I’m coming late to this discussion and I can’t claim to have read all the posts carefully so forgive me if I reiterate something already discussed. One of the central differences between the “methods defined within classes” style of OOP and the Julia approach of generic functions with multiple dispatch is, obviously, the ability to dispatch on the types of more than one argument. The “poster boy” application for why this is a good idea is numerical linear algebra. To achieve flexibility and efficiency in numerical linear algebra you need to be able to examine and exploit the types of all the arguments.
Over the past 30 years I have worked with many different linear algebra packages in Fortran, C, C++, and Python. I even had a hand in designing and writing the Matrix package for R. None of them come close to the coverage, flexibility, and efficiency of the LinearAlgebra standard library for Julia.
Of course, this isn’t an accident.

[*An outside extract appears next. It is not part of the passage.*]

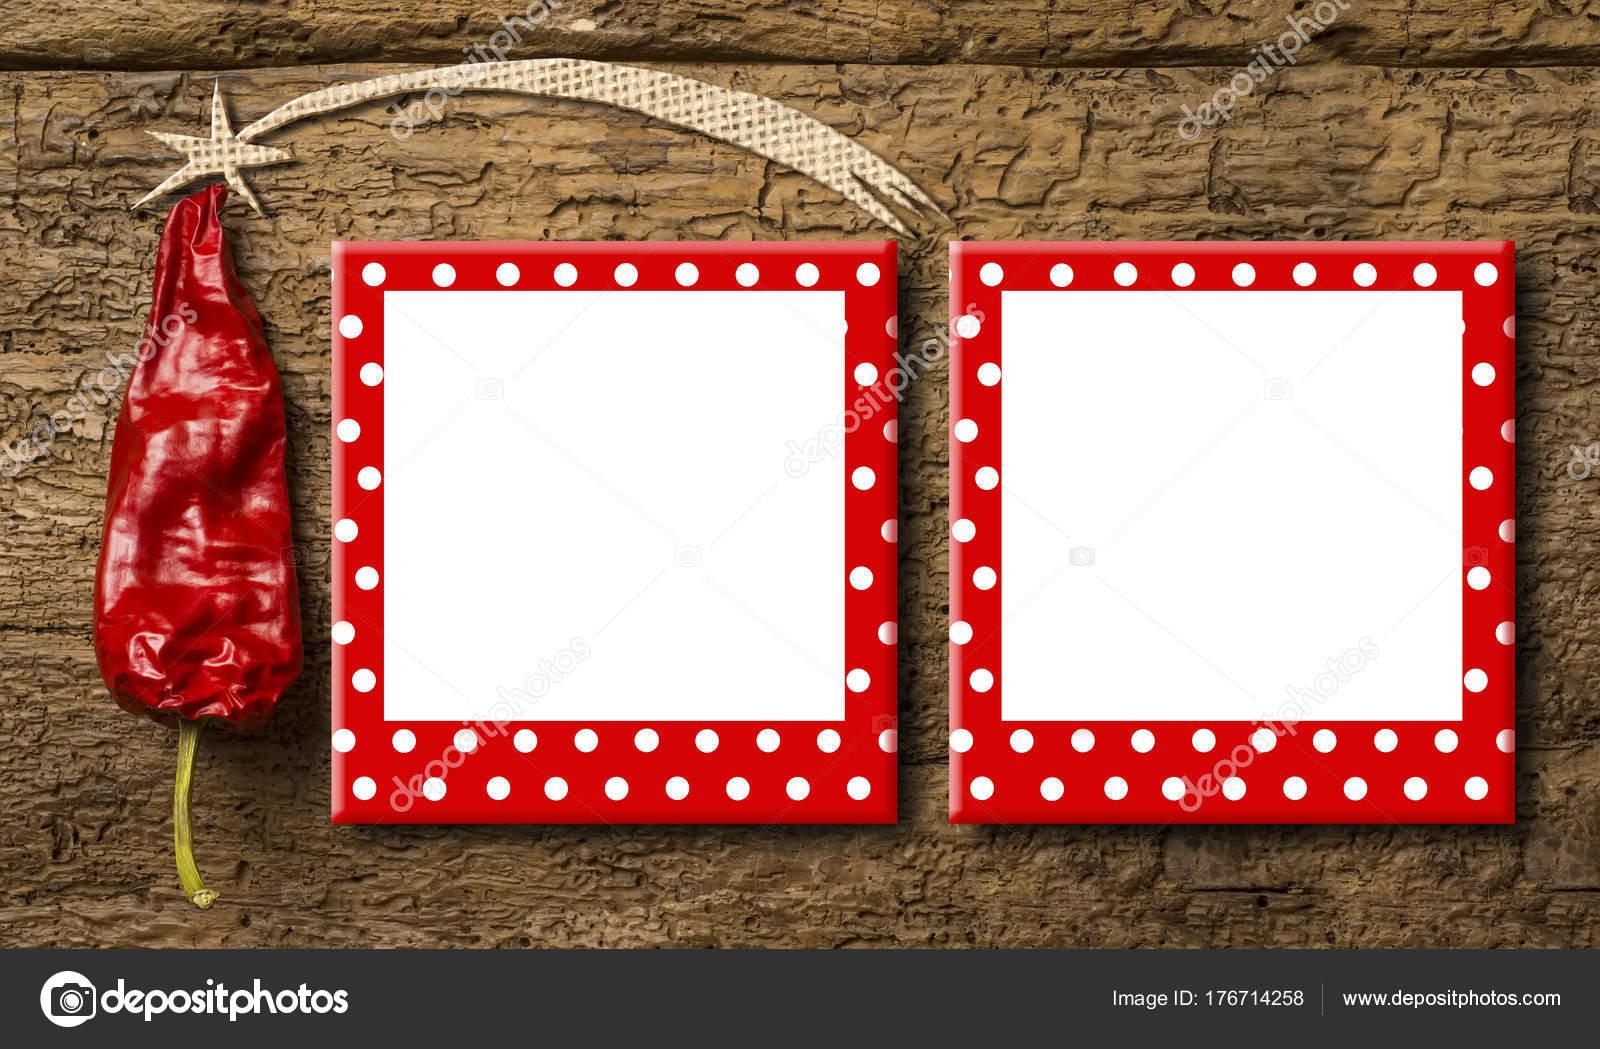 Marcos Para Fotos De Arbol De Navidad.Fotos Tarjetas Para Poner Tarjeta Felicitacion Navidad

Julia was designed for technical computing and the choice (and hideously efficient implementation) of multiple dispatch was intended for exactly these cases.
To be clear @Botant, type piracy is not something we encourage or condone in serious packages. It’s something that should be avoided through coordination between package authors and the creation of packages that facilitate this coordination.
However, type piracy is a fantastic tool for users or library writers who just need to get something done fast. Later on, once you’ve had time to talk to other package writers and discuss a solution, then the piracy should be removed.
I agree with @Tamas_Papp though that there’s a risk here that we’ve derailed a great discussion with the type piracy talk. Perhaps a moderator can split the piracy stuff into it’s own thread?
Would you say that multiple dispatch is particularly suited for more numerical code? Or put differently, is multiple dispatch less of an advantage when used for programming less “science-y” tasks, like business logic in a web server, system administration tools or (weird thing to come to mind ) implementation of a cryptocurrency?
I’m probably not the best person to answer that question because almost all the programming I do is “science-y” and, for me, a system based on generic functions and multiple dispatch, combined with the Julia’s type system, works well. I haven’t had situations where I thought, “Gee I wish I could use a class-based OOP system instead of defining types, generics and methods”.